DATA EXTRACT:
== == ==
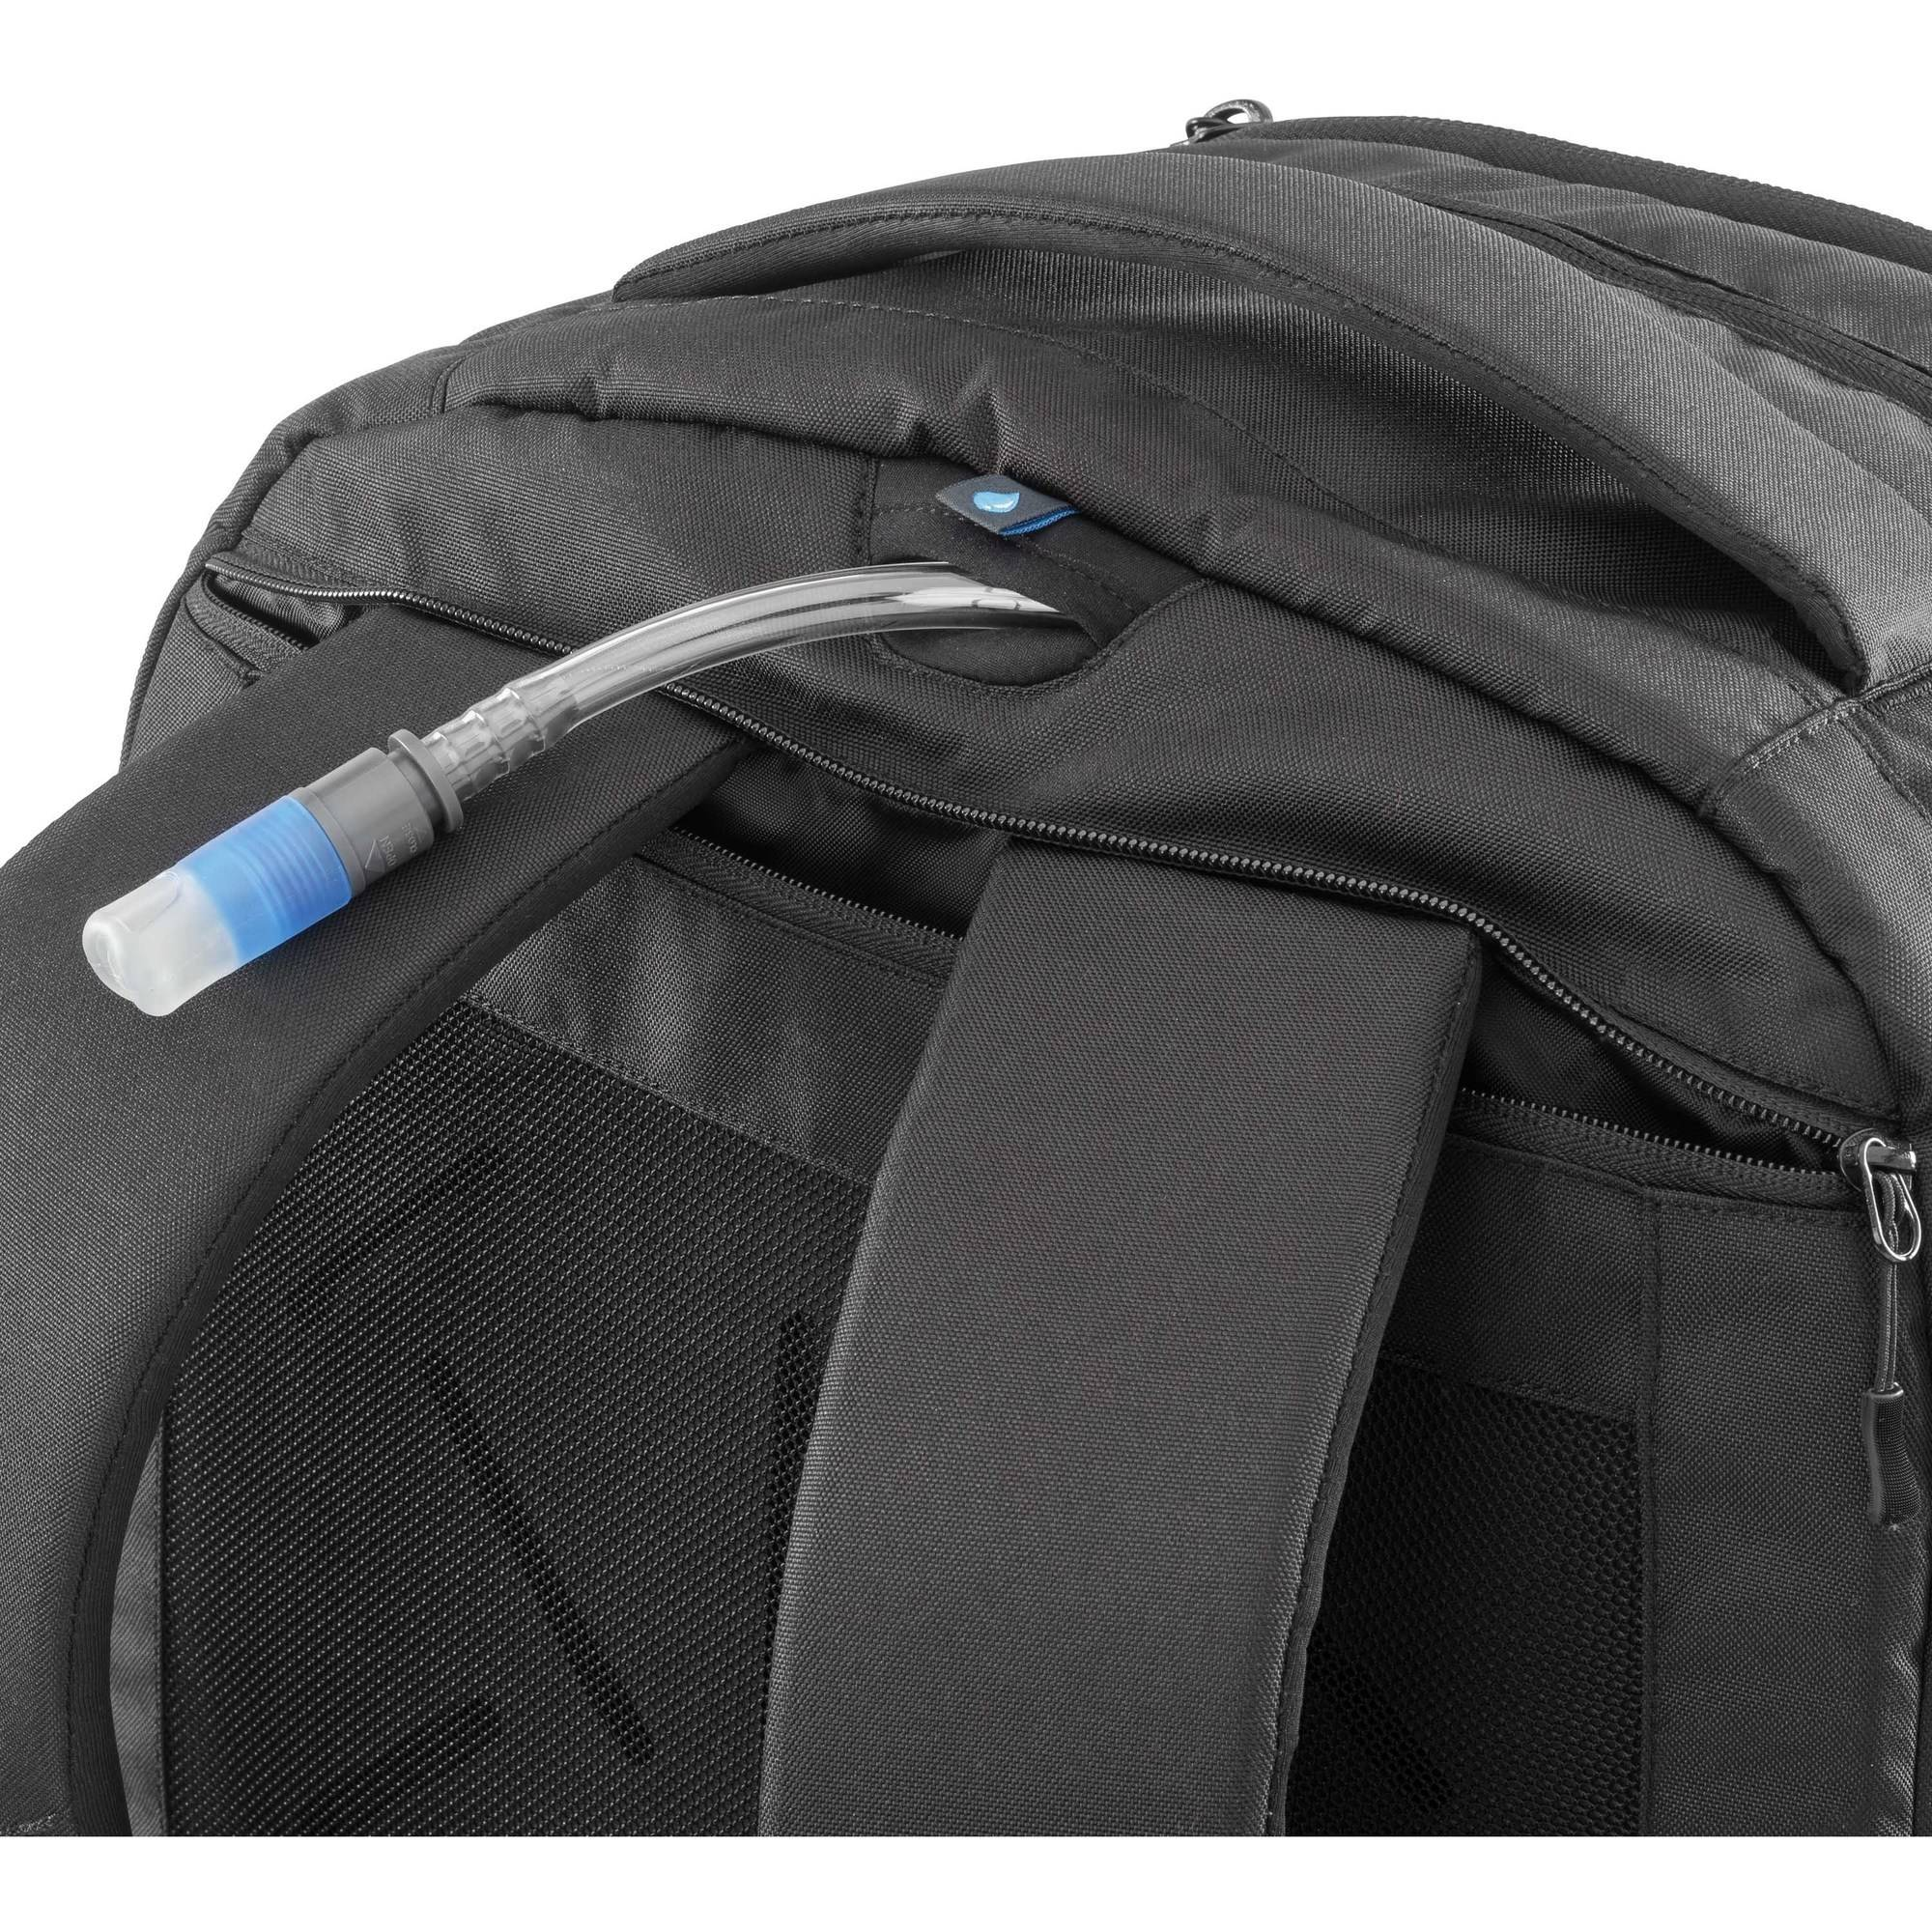 115e71f35 Ozark Trail Large Traveler Backpack - Walmart.com
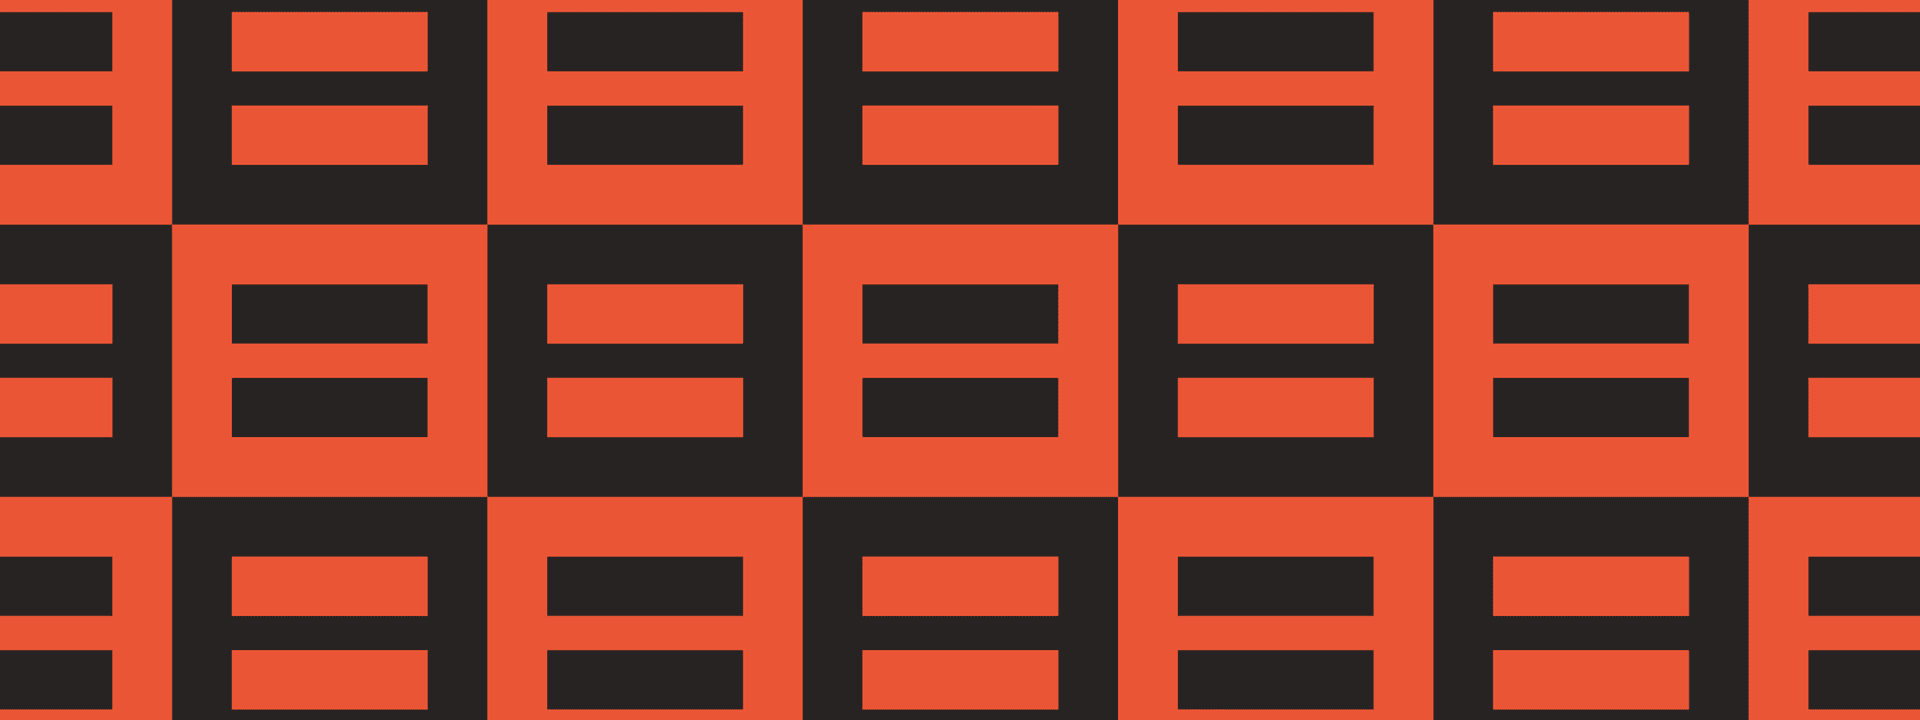 Branding Equ8 - Product pattern
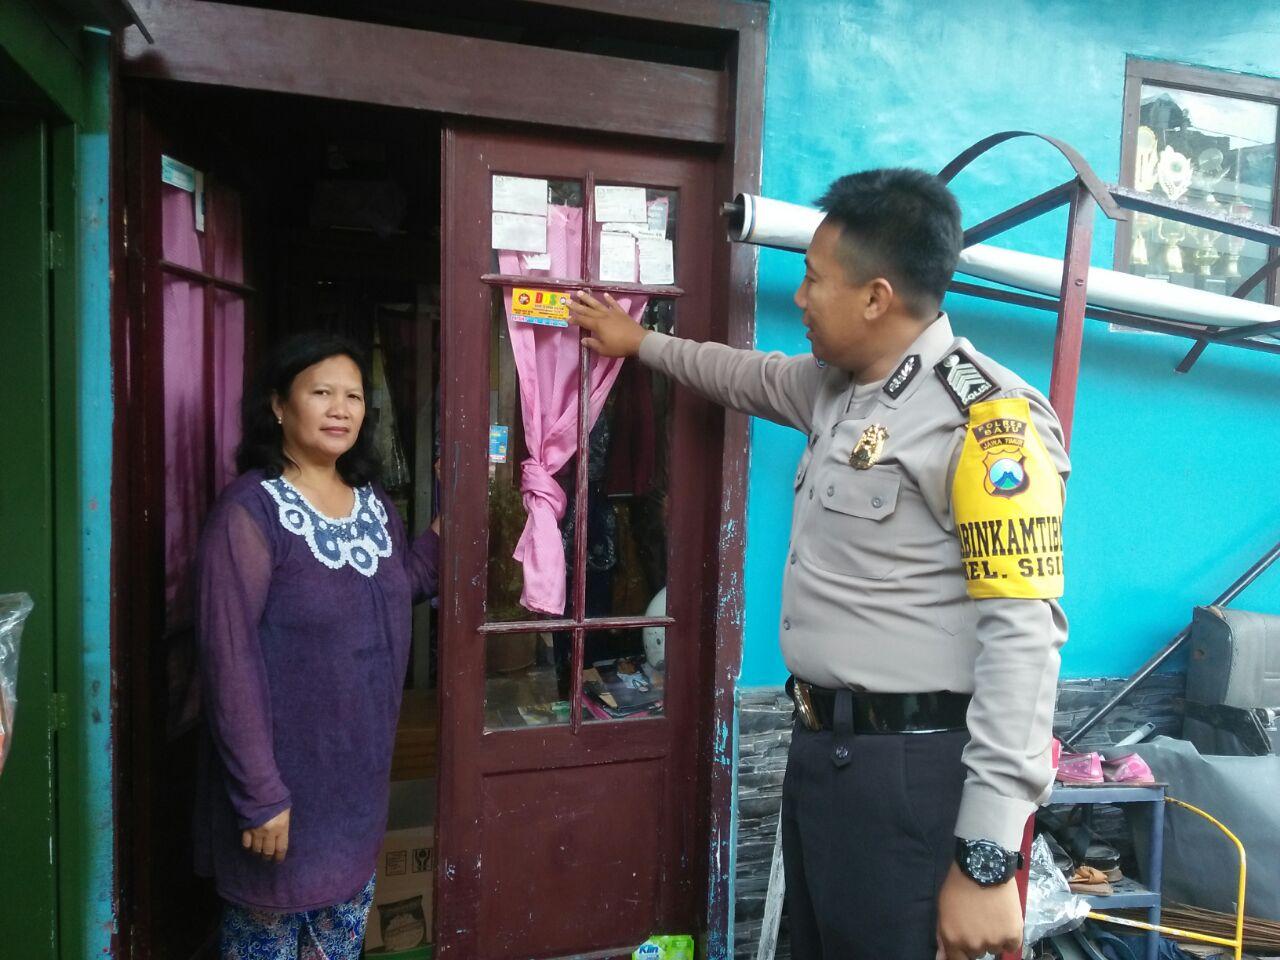 Melalui Kunjungan Mitra kepada Ibu Rumah Tangga Polsek Batu Kota Polres Batu Tingkatkan Kepercayaan
== == ==
WORK INSTRUCTION:
Would you reproduce the lines above exactly, without carrying over the pictures?

RESPONSE:
 115e71f35 Ozark Trail Large Traveler Backpack - Walmart.com
 Branding Equ8 - Product pattern
 Melalui Kunjungan Mitra kepada Ibu Rumah Tangga Polsek Batu Kota Polres Batu Tingkatkan Kepercayaan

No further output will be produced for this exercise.